«Уже скоро, наверное, приедут, – думаю я о помощи из ГУОШа, – знают же они, что мы тут окружены. Должны нас вытащить отсюда. Главное, чтоб не убили, когда мы будем выезжать. Может быть, нас не будут штурмовать. Дядя Юра и Степка – и все, больше никого… Зачем мы полезли на крышу? Пересидели бы. Кто предложил на крышу идти?»
Не могу вспомнить.
«Или, наоборот, не надо было с крыши уходить? Что мы стали так суетиться? Как глупо все…»
Мне не очень страшно. Вовсе не страшно.
«А почему Степа последний спускался? Ведь должен был я последним уходить. Или Язва…»
Отмахиваюсь от этой мысли. Потом, все потом. Так получилось.
X
Воздух в комнате треснул, метнулся по углам, уполз в щели. Во все стороны густо и жестко плеснуло песком, полетело щепье и стекло. Сетка, висящая на окнах, затряслась. Язву отбросило, он с грохотом упал на пол, на спину, и остался лежать с раздробленным лицом. И только, как мне показалось, похоже на рыбий шевелил раскрываемыми губами рот.
В бойницу, в мешки и плиты влепили заряд гранатомета. В ушах звенит.
Тут же под окном гакнул и осыпался еще один взрыв. И сразу еще один.
Андрюха Конь, вытерев голой рукой лицо, с трудом расщуривает глаза и снова встает к пулемету. Вслепую бьет очередью и вновь трет глаза.
– Второй номер! Лента! – орет он и опять трет глаза. Я вижу под его глазами красные кровоточащие борозды, глаза тоже залиты красным, и, кажется, веко порезано, наверное, в его ладонь впился кусок стекла, и он трет себя этой ладонью, ничего не замечая.
– Они идут! – кричит кто-то.
Глядя в окно, я вижу перебегающие фигуры, их много.
«Господи! Господи, как их много!» – хочется заорать.
Кажется, что чеченцы движутся неспешно. Да, они неспешно бегут… прямо к нам. Зачем они сюда, к кому?
Один из бегущих, выхваченный моим суматошным зреньем, прячется за сараюшку, где располагается кухонька Плохиша, присаживается и, скалясь, кладет гранату в подствольник.
Прицеливаюсь и стреляю: в присевшего за сараем удобно стрелять по диагонали, спрятавшись за стеной. Чеченец дергается, но, не боясь выстрела, выворачивается в мою сторону и… Не знаю, стреляет ли он, я отстраняюсь, поднимаю вверх автомат.

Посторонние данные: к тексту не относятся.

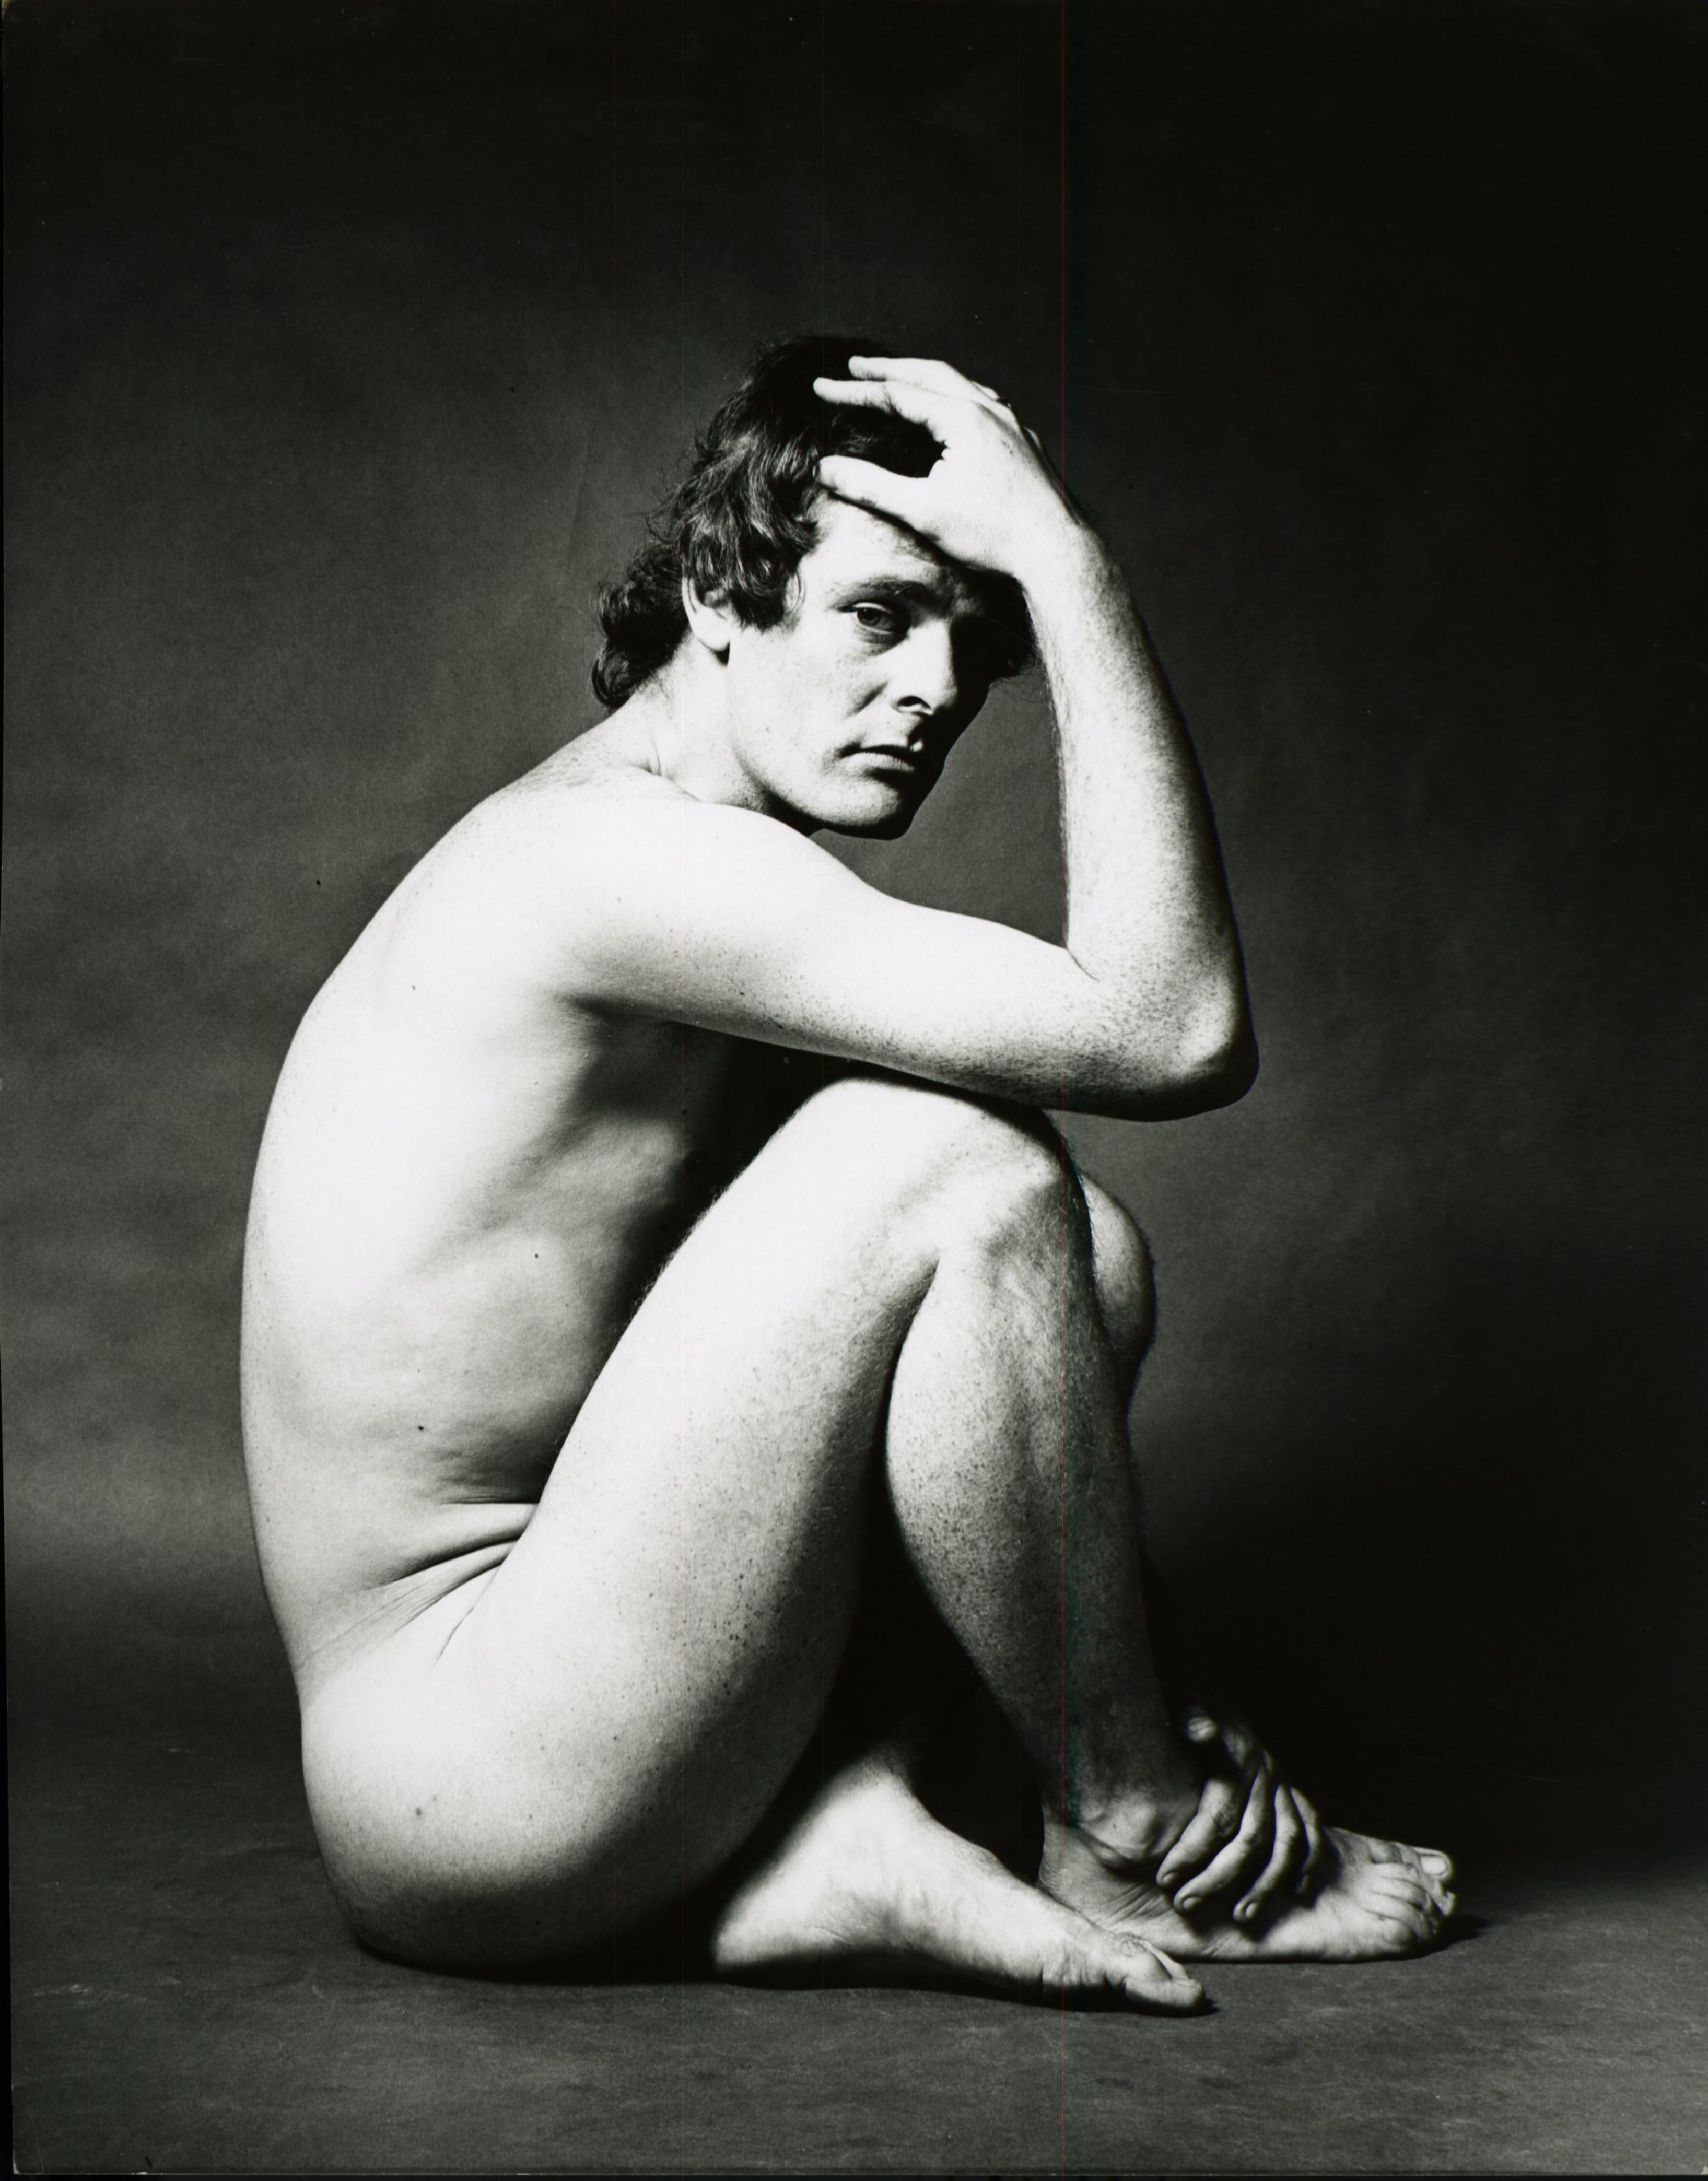 Warhol films director Paul Morrissey photographed nude for Vogue magazine

«Косая тварь…» – ругаю себя.
И снова: «Зачем они бегут сюда?»
Торопясь, словно опаздывая, стреляем.
– Граната! – вскрикивает кто-то рядом со мной.
Вскидываю взгляд, стремясь увидеть легкий овальный слиток, готовый разорваться, и вижу. Граната бьется в сетку на окнах и падает назад, вниз, под окна школы.
Услышав уханье разорвавшейся гранаты и надеясь, что взрыв отпугнет чеченцев, я снова пытаюсь выстрелить, но рожок пуст. И другой, привязанный синей изолентой к вставленному в автомат, тоже пуст. Бросаю их Амалиеву, к его столу, где он сидит у рации и снаряжает пацанам рожки.
– Анвар, быстрей! – кричу.
Он смотрит на меня озлобленно, загоняя патроны в чей-то рожок.
Я смотрю вокруг, замечаю автомат Язвы под кроватью Сани Скворца. Подбегаю туда и вижу чей-то носок. «Мой или Саньки?»
Отстегиваю от Гришиного автомата рожки, вижу, что один полный, а в другом – последний патрон. Пристегиваю к своему, смотрю на спины, на лица пацанов. Они перебегают от окна к окну: мокрый, с бешеными глазами Столяр, взвинченный Федька Старичков, Кизя, с алюминиевыми, спокойными скулами и тонкими губами, Дима Астахов, повесивший трубу гранатомета за спину, Валя Чертков с одним раскрытым до предела глазом и с другим, которого совсем не видно, Скворец…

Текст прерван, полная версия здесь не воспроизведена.